I already got rcpNo value, but eleId is changed from 1 to 33, offset, length don't have any regular pattern. Three of the data is consist of numbers, sometime different digit.



I need to read rcpNO, eleId, offset, length and dtd



(dtd is fixed as 'dart3.xsd' but I try this only one html so there is possibility different dtd value for different html data. So I want to read from html data.)


# This is the part of html
#viewDoc(rcpNo, dcmNo, eleId, offset, length, dtd)
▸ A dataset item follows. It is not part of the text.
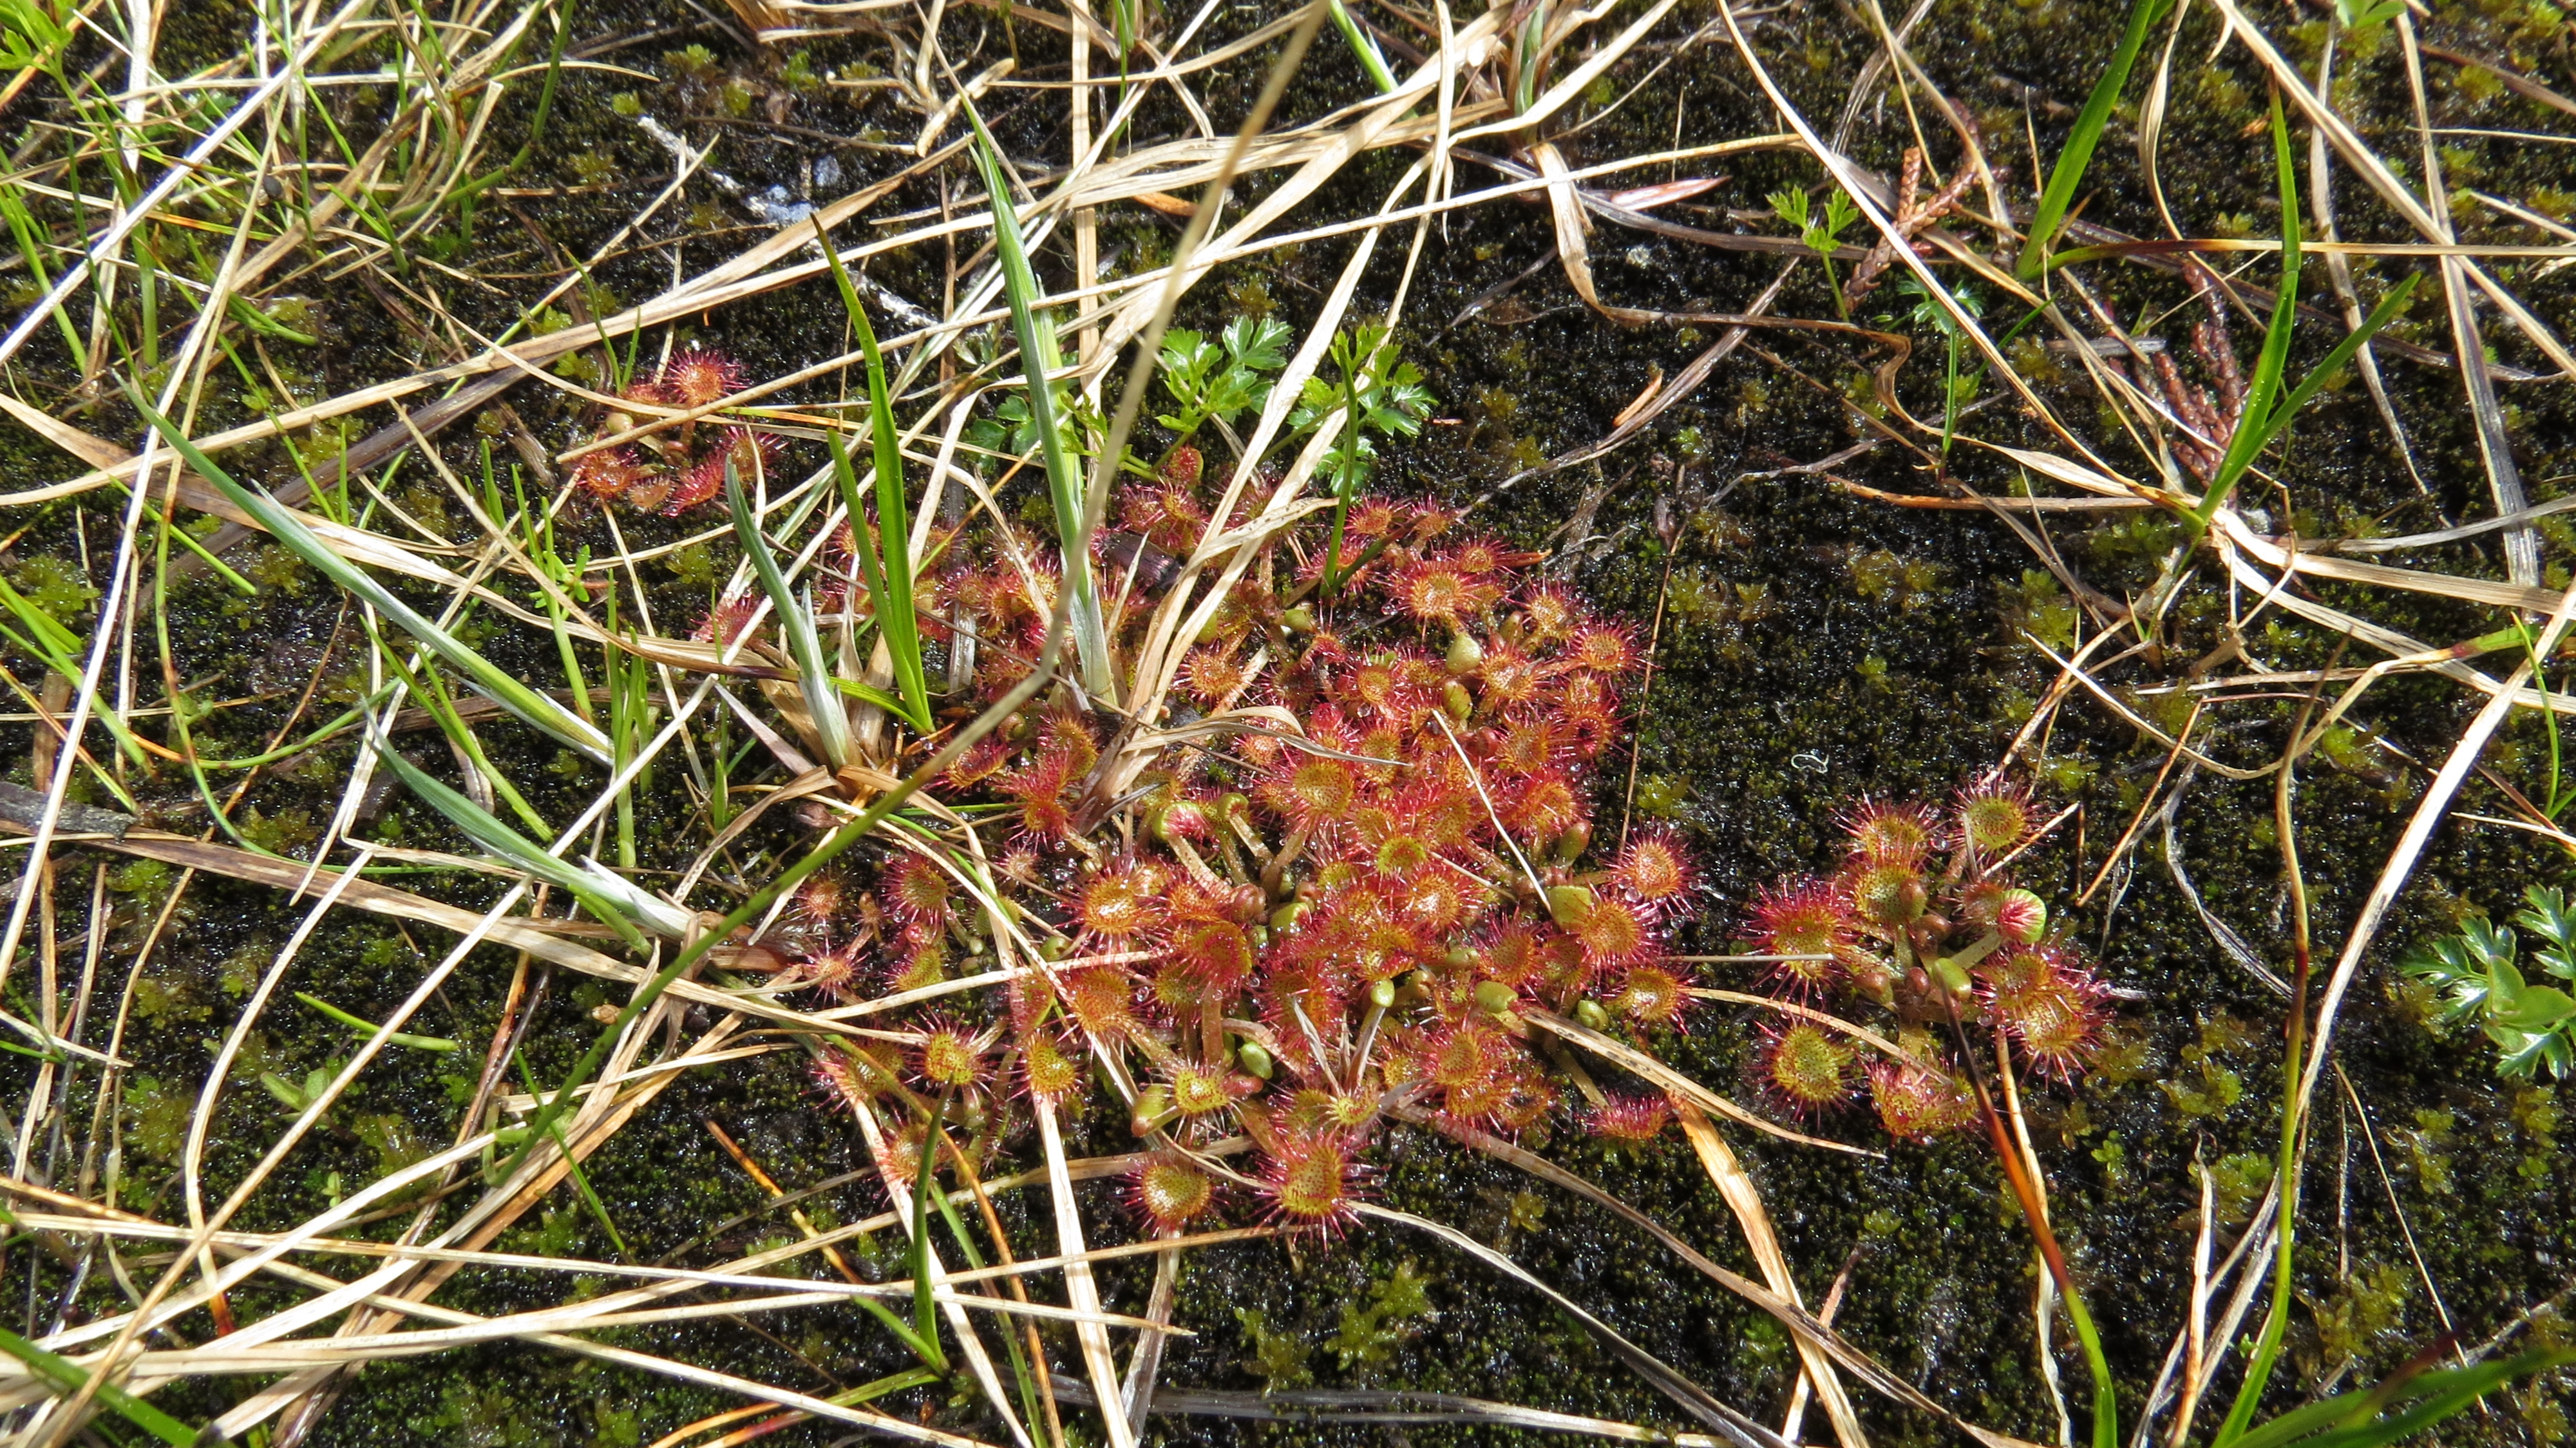 Carnivorous plant (sundew) inside bog threatened by BCTS logging

treeNode1.appendChild(treeNode2);

treeNode2 = new Tree.TreeNode({
text: "4. The number of stocks",
id: "7",
cls: "text",
listeners: {
click: function() {viewDoc('20180515000480', '6177478', '7', '59749', '7130', 'dart3.xsd');}
}
});
cnt++;



Similar data is repeated so I write some part of html


treeNode2 = new Tree.TreeNode({
text: "1. Summary information",
id: "12",
cls: "text",
listeners: {
click: function() {viewDoc('20180515000480', '6177478', '12', '189335', '18247', 'dart3.xsd');}
}
});
cnt++;

treeNode1.appendChild(treeNode2);

treeNode2 = new Tree.TreeNode({
text: "2. Linked finance state",
id: "13",
cls: "text",
listeners: {
click: function() {viewDoc('20180515000480', '6177478', '13', '207823', '76870', 'dart3.xsd');}
}
});
cnt++;

treeNode1.appendChild(treeNode2);

treeNode2 = new Tree.TreeNode({
text: "3. Comment for linked finance state",
id: "14",
cls: "text",
listeners: {
click: function() {viewDoc('20180515000480', '6177478', '14', '284697', '372938', 'dart3.xsd');}
}
});
cnt++;



as you can see above text and id is changed regularly. I want to read all of the dcmNo, eleId, offset, length and dtd information. especially with typical id & text.



I tried to below


string = "{viewDoc('20180515000480', '6177478', '6', '58846', '899', 'dart3.xsd');}"
>>> pattern = re.compile(r'viewDoc('d+', '(d+)', '(d+)', '(d+)', '(d+)', '(d+)' .+)', re.MULTILINE | re.DOTALL)



and with Beautifulsoup


>>> soup = BeautifulSoup(html, 'html.parser')
>>> soup.find_all(string = pattern)



and this command find all html , I cannot distinguish the data :(



But it doesn't work and it find the first text from html what I don't have to read.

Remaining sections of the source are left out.